Imaging, Analytics, Artificial Intelligence

Precision medicine necessitates a multimodality and multiscale imaging and waveform understanding in order to identify new factors contributing to health and disease. This information is acquired in the areas of radiology, pathology, and genetics and is based on the increasing breadth of optical and molecular imaging, in addition to the traditional diagnostic imaging modalities. A wide spectrum of technologies contributes towards a new era termed biomedical imaging informatics and medical imaging that emerged as one of the fastest growing research areas given the evolution of molecular imaging complemented with anatomical and functional imaging towards the generation of advanced disease biomarkers. New developments include image characterisation based on robust segmentation of regions of interest (ROIs) (e.g. organs, cells) as a first step in medical image analytics. This includes for example, automated magnetic resonance (MR) imaging segmentation performed on multiscale image series (generated using the Radon transform) where multiple processing allows segmentation results of a coarser scale to be used as a mask for the next fine scale. Image management, modelling and decision support encompassing Computer Aided Diagnosis (CAD) and Content Based Image Retrieval (CBIR) are also other emerging areas. In these areas the target is to carry out decision support based on machine learning from the multiscale texture/shape features extracted from the segmented ROIs and to process semantic information from images for tasks such as retrieval. In order to achieve the wider penetration of the aforementioned technologies in clinical practise, the need exists for multiscale intelligent interaction and visual analytics. Although limited work was carried in this challenging area, promising systems published cover intelligent image navigation, concept extraction from radiology reports using natural language processing and online portal to help the patients effectively view and understand their radiology image and reports.
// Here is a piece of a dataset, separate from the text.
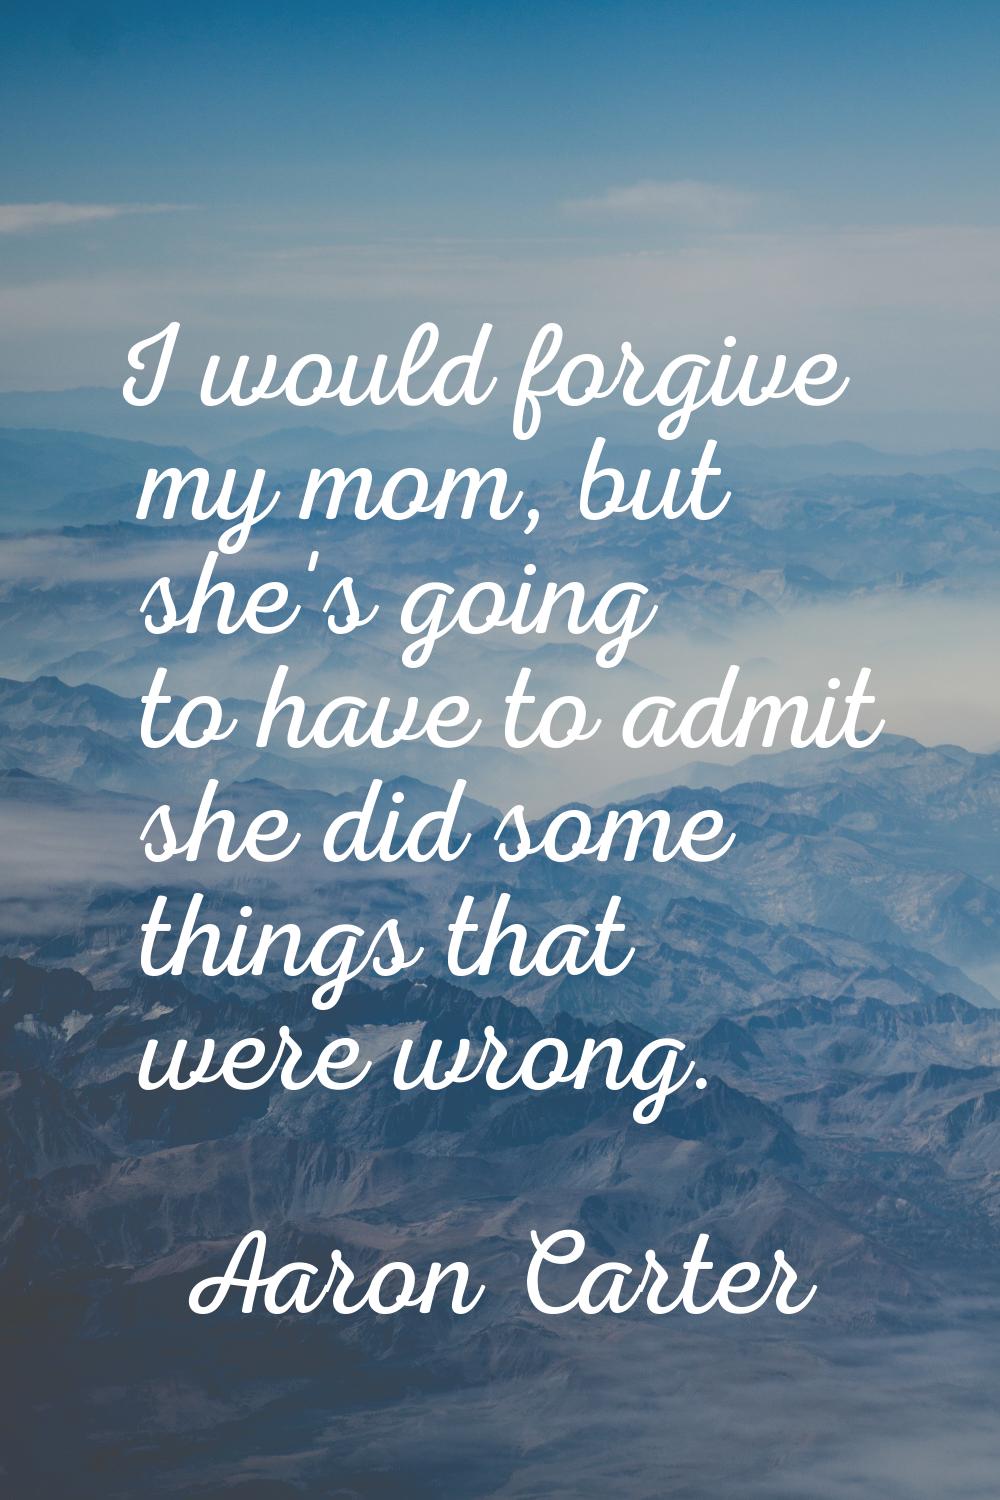 I would forgive my mom, but she's going to have to admit she did some things that were wrong.

The long term research goals of the IPMT proposal will be aligned with the above mentioned advances towards the development of integrated systems in precision medicine. In the context of image characterisation advanced multiscale segmentation tools will be developed linked with annotation markup tools (based on the Annotation Image Markup (AIM) that is an emerging format for sharing image annotations). In image management, modelling and decision support the development of the following technologies will be targeted: (i) multiscale texture analysis for lesion characterisation (for example based on Amplitude Modulation and Frequency Modulation (AM-FM) modelling); (ii) advanced machine learning tools encompassing deep learning (i.e. Convolutional Neural Networks) will be incorporated in CAD and CBIR systems; (iii) integration of CAD and CBIR systems with Picture Archiving and Communication Systems (PACS) and eHealth patient record systems (where these links at present are non-existent or minimal). In intelligent interaction and visual analytics, tools to link biological scales for scalable query methods designed for high-dimensional features will be developed, as well as managing imaging queries across clinical domains will be addressed. Furthermore, in this area, scientific imaging workflow management systems (a mode of operations that is extensively used by the bioinformatics community) will be developed providing interactive tools for imaging experts enabling them to execute their workflows and view their results in real-time, thus simplifying the process of sharing and reusing workflows. It should be highlighted that open source imaging tools and datasets will be fully exploited both to optimize on the resources available as well as to benchmark proposed technologies. In addition, locally generated imaging studies will also be included to introduce the variations particular to the local or regional population.